I was feeling rather like I did four years ago over that frog incident, when Lesley and I had to wait in Mr. Gilles the principal’s room until he had time to tell us off. We hadn’t really done anything wrong. It was Cynthia who had run over the frog on her bike. She didn’t seem to have any guilty conscience about it—“It was only a silly old frog”—so Lesley and I got angry and decided to avenge the frog. We were going to bury it in the park, but first, since it was dead already, we thought it might shake Cynthia up and make her a little more sensitive to frogs in future if she saw it again in her soup. No one could have guessed that the sight would send her into a fit of hysterical screaming.… Mr.

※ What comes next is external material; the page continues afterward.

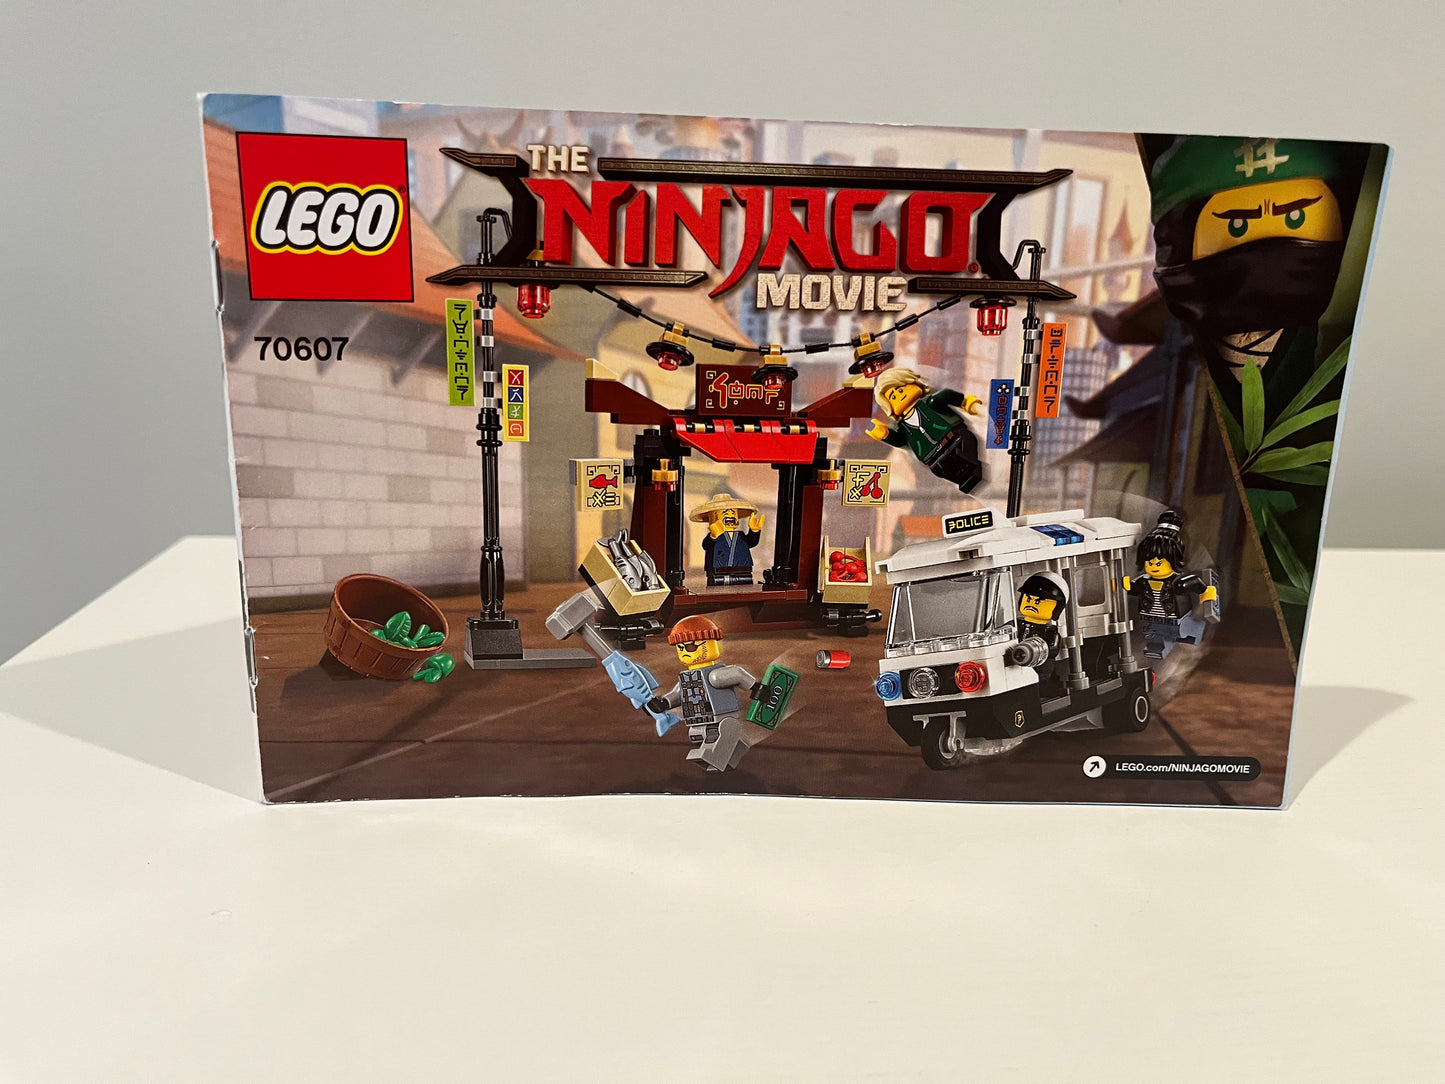 PPU 45241 (Evendale/Blue Ash) Lego Set - Lego Ninjago Move City Chase #70607

Gilles, anyway, had treated us like a couple of serious offenders, and unfortunately he had never forgotten the incident. If he met us somewhere in the corridors, even today, he always said, “Aha, the evil-minded frog girls,” and then we felt terrible all over again.
I closed my eyes for a moment. There was no reason for Gideon to treat me like that. I hadn’t done anything bad. They all kept saying I wasn’t to be trusted, they blindfolded me, no one would answer my questions—so it was only natural for me to try finding out what was really going on here for myself, wasn’t it?
Where was Gideon, anyway? The electric bulb hanging from the ceiling was fizzing; the light flickered for a moment. It was very cold down here. Maybe they’d sent me to one of those cold postwar winters that Aunt Maddy was always talking about. Great. Winters when the water pipes froze and dead animals lay about the streets frozen stiff. I tested my breath to see if it would form little white clouds in the air in front of me. But it didn’t.
The light flickered again. I was getting scared. Suppose I suddenly found myself sitting here in the dark? This time no one had thought of giving me a flashlight—in fact you couldn’t say I’d been treated with any consideration at all. I felt sure the rats would come out of their holes in the dark. Maybe they were hungry … and where there were rats, cockroaches wouldn’t be far behind. Then there was the ghost of the one-armed Knight Templar, the one Xemerius had mentioned. He might feel like taking a little trip down here.
Fzzzzz.
That was the lightbulb.
I was gradually coming to the conclusion that Gideon’s presence would at least be better than rats and ghosts. But he didn’t arrive. Instead the lightbulb flickered in its death throes.
When I was scared in the dark as a child, I always used to sing, and I automatically did that now. First very quietly, then louder and louder. After all, there was no one here to listen in on me.
Singing helped. I didn’t feel so scared, or so cold. After the first few minutes the lightbulb even stopped flickering. It started again when I began on Adele songs, and it didn’t seem to like Katy Perry, either. However, when I tried old Abba songs, it rewarded me with a steady, regular beam of light. A pity I couldn’t remember more of them, particularly the words. But the lightbulb was ready to accept lalala, one chance in a lifetime, lalalala.
I sang for hours, or that’s what it felt like. After “The Winner Takes It All,” Lesley’s ultimate unrequited-love song, I started again with “I Wonder.” I danced around the room at the same time so as not to get too cold. After the third encore of “Mamma Mia,” I felt sure that Gideon wasn’t going to turn up.
Damn. I could have stolen out of the cellar and gone upstairs after all. I tried “Head over Heels,” and when I got to “Wasting My Time,” he was suddenly standing there beside the sofa.
I closed my mouth and looked at him accusingly. “Why are you so late?”
“I imagine it seemed a long time to you.” His glance was still as cold and peculiar as a little while ago. He went over to the door and rattled the handle. “At least you had enough sense not to leave this room. You couldn’t know when I might come after you.”
“Ha, ha,” I said. “Is that meant to be a joke?”
Gideon leaned back against the door. “Gwyneth, you needn’t bother to act all innocent with me.”
I could hardly bear that chilly expression. The green eyes that I usually liked so much had gone the color of pea soup—the nasty sort we had in the school dining room, of course.